Из таких воспоминаний и сплетался фольклор нашей семьи. Эти простые бытовые истории, услышанные от родителей, бабушек и дедушек, становились для моего поколения первыми и порой единственными источниками, которые утоляли наше детское любопытство, а позднее пробуждали уже взрослые вопросы: кто же мы? Действительно ли мы не такие, как все остальные? За что нас ненавидят? И если не здесь, то где наш дом?
Твой, папа, раздел в семейном фольклоре застрял у тебя в горле, как горький кусок, который ни выплюнуть, ни проглотить ты не мог всю свою жизнь. После еды ты обычно сгребал возле себя на столе оставшиеся крошки и забрасывал их в рот.
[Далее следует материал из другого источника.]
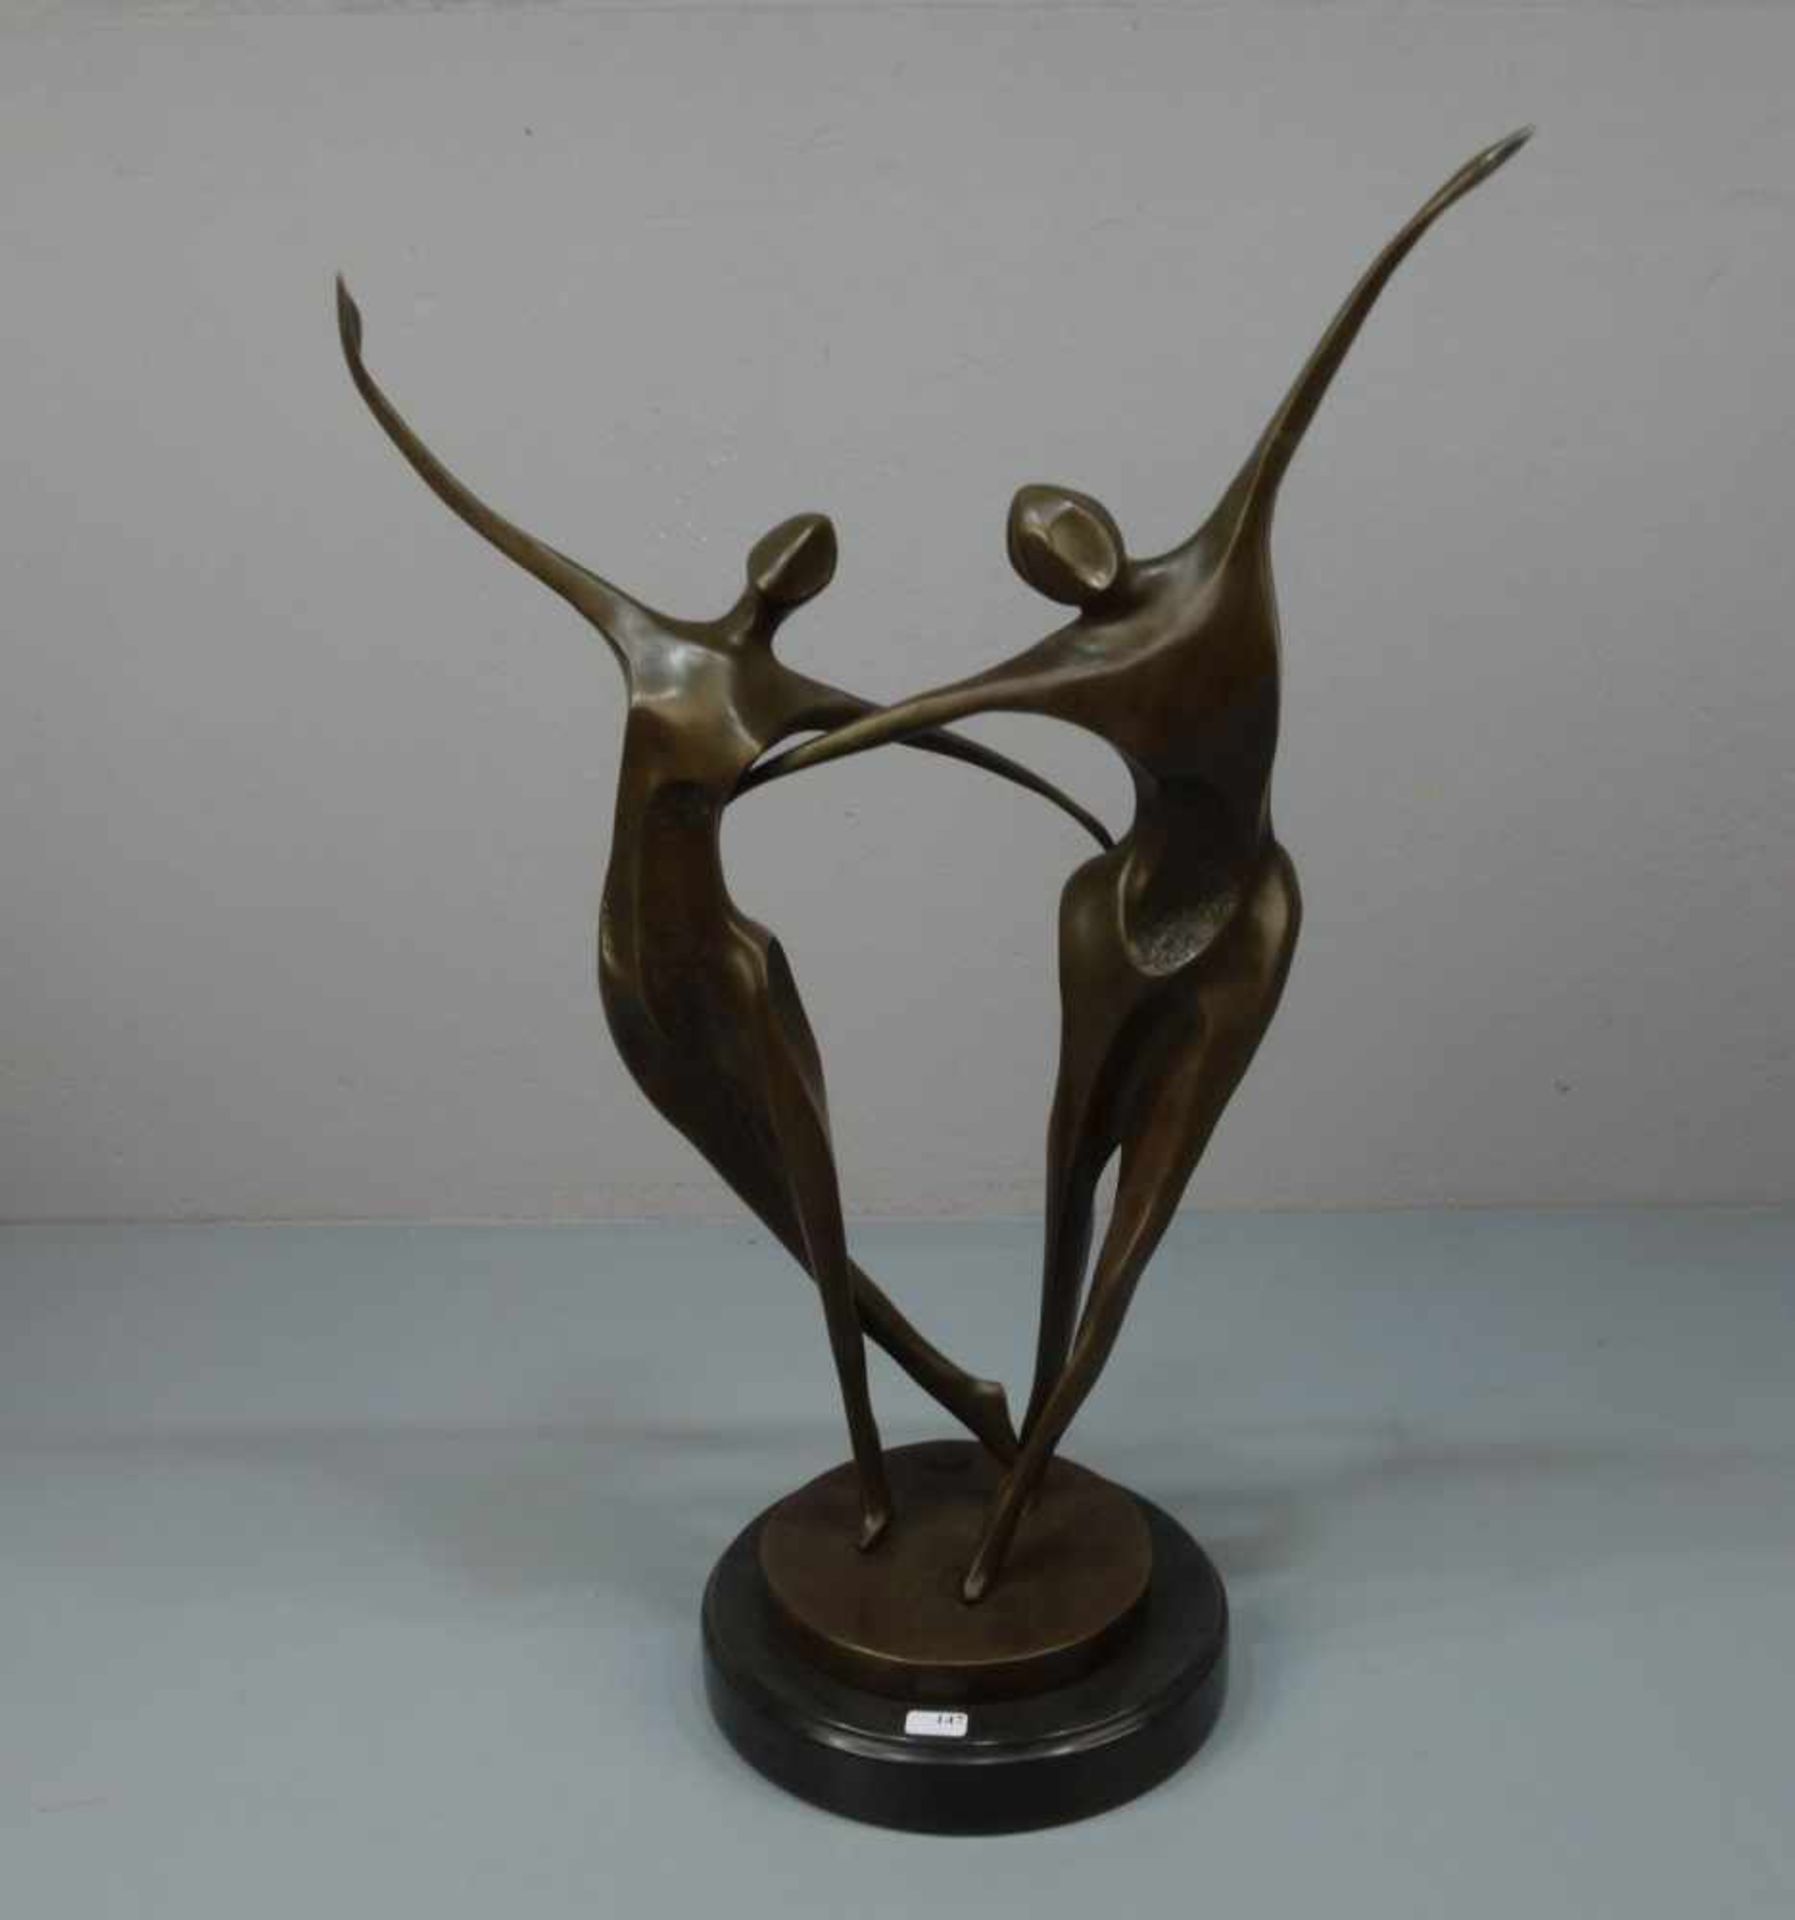 LOPEZ, MIGUEL FERNANDO (auch Milo, geb. 1955 in Lissabon), Skulptur / sculpture: "Tanzendes Paar",

Так и я — из твоих немногочисленных фотографий, обрывков разговоров, случайных воспоминаний, услышанных от мамы, родных или малознакомых людей, слепил за годы картину твоего бытия, твоей юдоли, а теперь пришло время вглядеться в нее. Это ведь старая истина, что в зеркале прошлого видно настоящее, а сын — это звено между поколениями в семейной цепочке.
Специально ты никогда меня ничему не учил: не учил читать и писать еще до того, как я пошел в школу, поскольку это обязаны уметь все «нормальные дети» в моем возрасте; не сидел возле меня часами и не трепал себе нервы, чтобы я наконец повторил все нудные упражнения на скрипке; не таскался в холод и дождь на другой край города к подруге, имевшей такую роскошь, как пианино, чтобы я «немного поиграл на инструменте»; не разжевывал запутанные арифметические задачки, которые так плохо лезли мне в голову, и так далее, и так далее — все это делала мама. А раз ты меня не учил, так я сам постоянно учился у тебя: я хотел иметь такой же красивый бисерный почерк, как у тебя; хотел уметь все в доме чинить и мастерить во дворе всякую всячину при помощи молотка, пилы и рубанка; хотел научиться фотографировать, как ты; и даже подражал тому, как ты моешься по утрам — надув щеки, ты нес от крана к лицу заполненное водой суденышко из ладоней, а потом отфыркивался, словно кот, и брызги разлетались во все стороны. Я любил стоять в стороне и наблюдать, как ты бреешься своей «трофейной бритвой» — так именовала ее бабушка с какой-то особой гордостью, будто этой бритвой ты зарезал самого главного ее врага, маршала Антонеску. Не знаю, привез ли ты ее и в самом деле с войны, но изготовлена бритва была в Германии. Ты всегда прятал ее от меня, чтобы я, упаси боже, не порезал себе руки. Но я отличался «удачливостью», а потому в конце концов нашел ее и таки порезал себе три пальца сразу. Я даже не почувствовал боли, такой острой была эта бритва, и поднял крик, лишь когда потекла кровь… С тех пор «трофейная бритва» из дома исчезла, и только много лет спустя я случайно узнал, что эту замечательную вещицу с перламутровой рукояткой ты, уложив в деревянную коробку, зарыл в углу нашего двора.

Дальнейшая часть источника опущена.